Artificial intelligence is getting better and better at generating an image in response to a handful of words, with publicly available AI image generators like DALL-E 2 and Stable Diffusion. Now Meta researchers are taking AI a step further: They’re using it to make up videos from a text message.
Mark Zuckerberg, CEO of Meta posted on Facebook Thursday about the investigationI call Make a video, with a 20-second clip compiling various text prompts used by Meta researchers and the resulting (very short) videos. Prompts include “A teddy bear painting a self-portrait”, “A spaceship landing on Mars”, “A lazy baby in a knitted hat trying to figure out a laptop”, and “A robot surfing an ocean wave”.
The videos for each message are only a few seconds long, and usually show what the message suggests (with the exception of the baby sloth, who doesn’t look much like the real thing), in fairly low resolution and somewhat choppy. style. Still, it demonstrates a new direction AI research is taking as systems get better and better at generating images from words. However, if the technology is eventually released widely, it will raise many of the same concerns raised by text-to-image systems, such as that it could be used to spread misinformation via video.

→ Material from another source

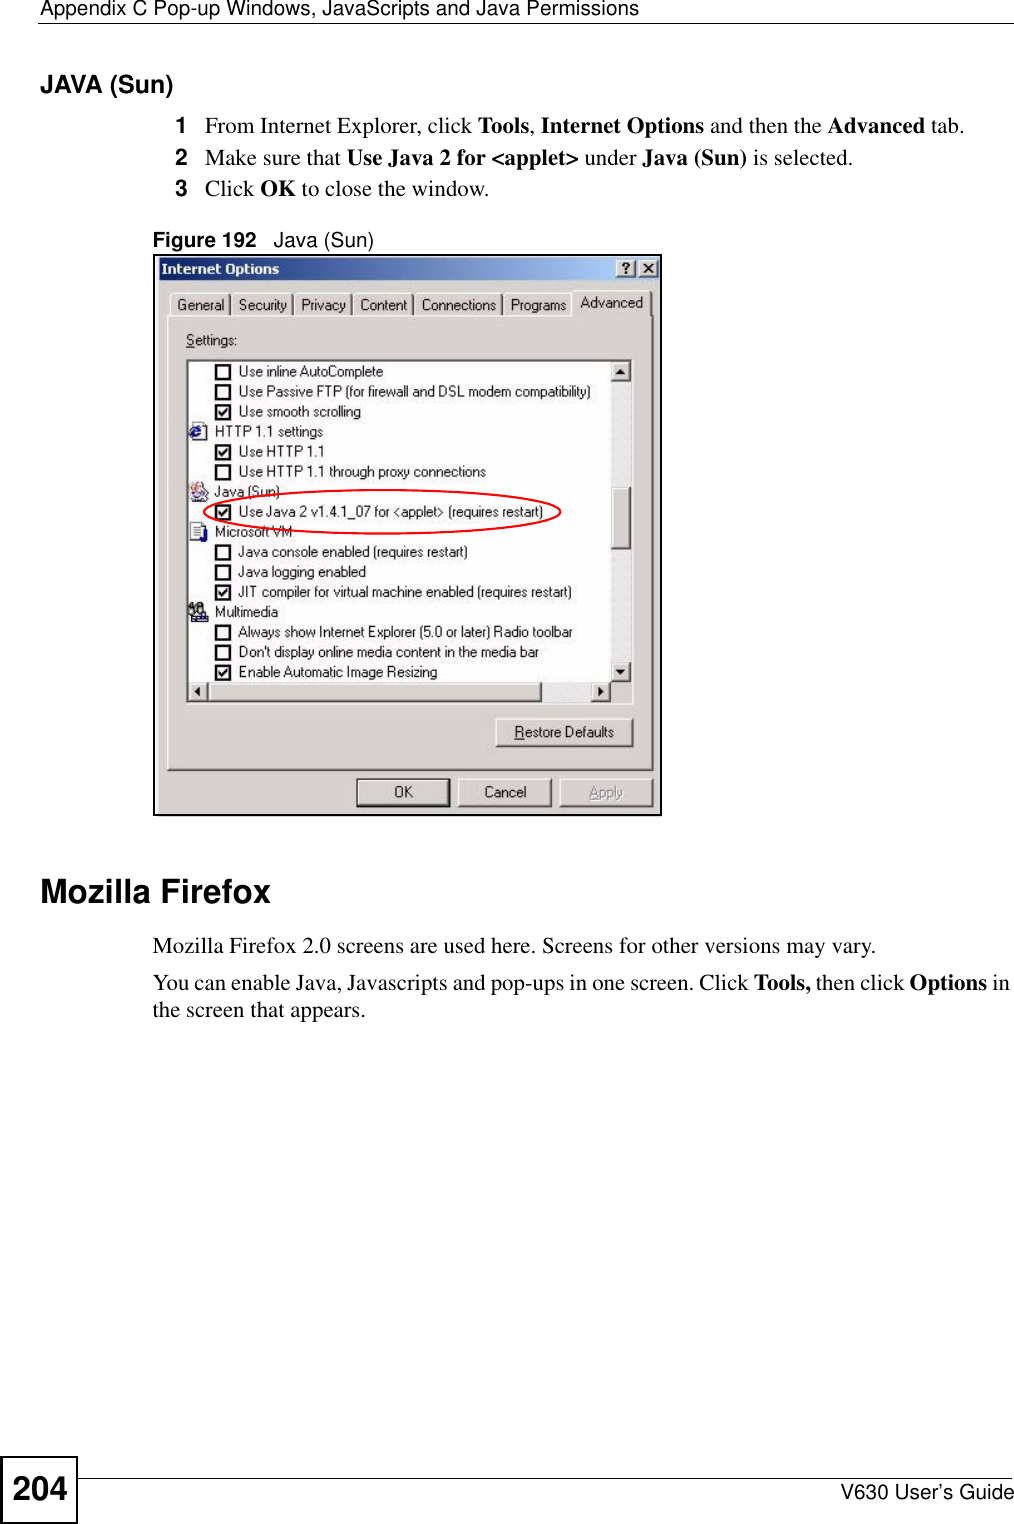 Appendix C Pop-up Windows, JavaScripts and Java PermissionsV630 User’s Guide204JAVA (Sun)1From Internet Explorer, click Tools, Internet Options and then the Advanced tab. 2Make sure that Use Java 2 for &lt;applet&gt; under Java (Sun) is selected.3Click OK to close the window.Figure 192   Java (Sun)Mozilla FirefoxMozilla Firefox 2.0 screens are used here. Screens for other versions may vary. You can enable Java, Javascripts and pop-ups in one screen. Click Tools, then click Options in the screen that appears.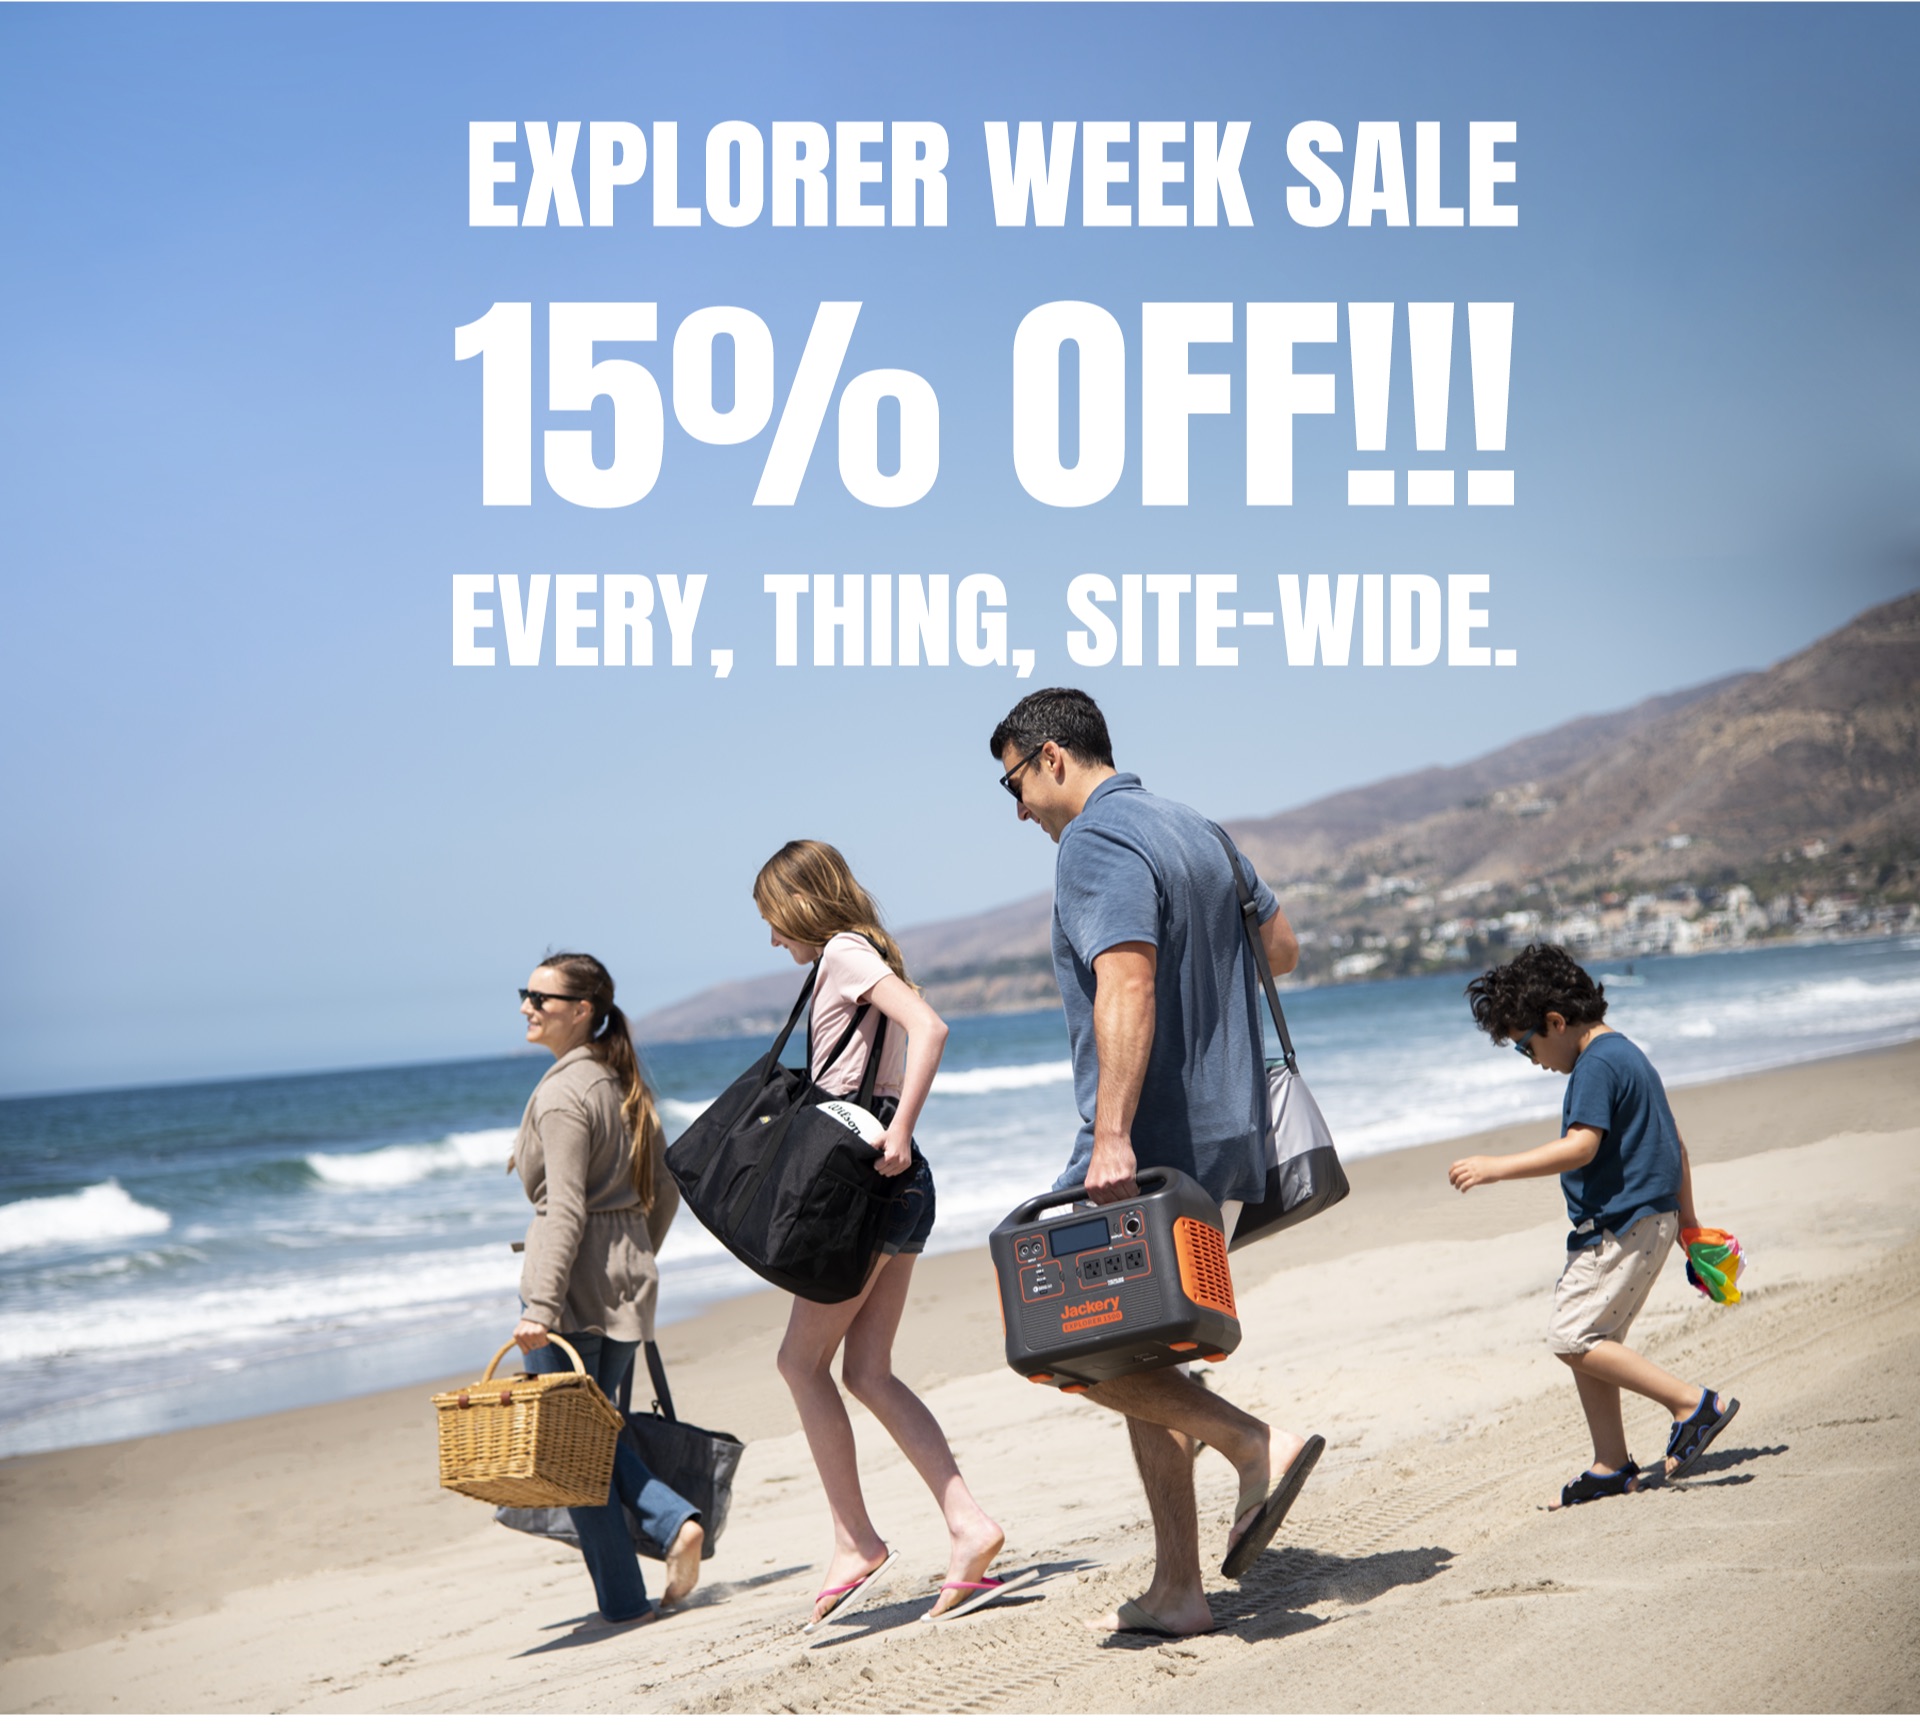 Jackery Explorer Week 15% Off Everything! Amazon.com and Jackery.com Includes Portable Power Station Explorers, Solar Panels & Accessories. Generator, Outdoor, Emergency, Camping

A Web page for Make-A-Video includes these short clips and others, some of which look quite realistic, such as a video created in response to the prompt “Clown fish swimming in the coral reef” or one meant to show “A young couple walking in heavy rain.”
In his Facebook post, Zuckerberg pointed out how complicated it is to generate a moving image from a handful of words.
“It is much more difficult to generate videos than photos because in addition to correctly rendering each pixel, the system also has to predict how they will change over time,” he wrote.
a research paper Describing the work, it is explained that the project uses a text-to-image AI model to figure out how words correspond to images, and an AI technique known as unsupervised learning — in which algorithms painstakingly analyze unlabeled data to discern patterns within it — to watch video and determine what realistic motion looks like.
As with the massively popular AI systems that generate images from text, the researchers noted that their text-to-image AI model was trained on data from the internet, meaning it learned “and likely exaggerated social biases.” , including harmful ones,” the researchers wrote. They noted that they filtered data for “NSFW content and toxic words,” but since data sets can include many millions of images and text, it may not be possible to remove all of that content.
Zuckerberg wrote that Meta plans to share the Make-A-Video project as a demo in the future.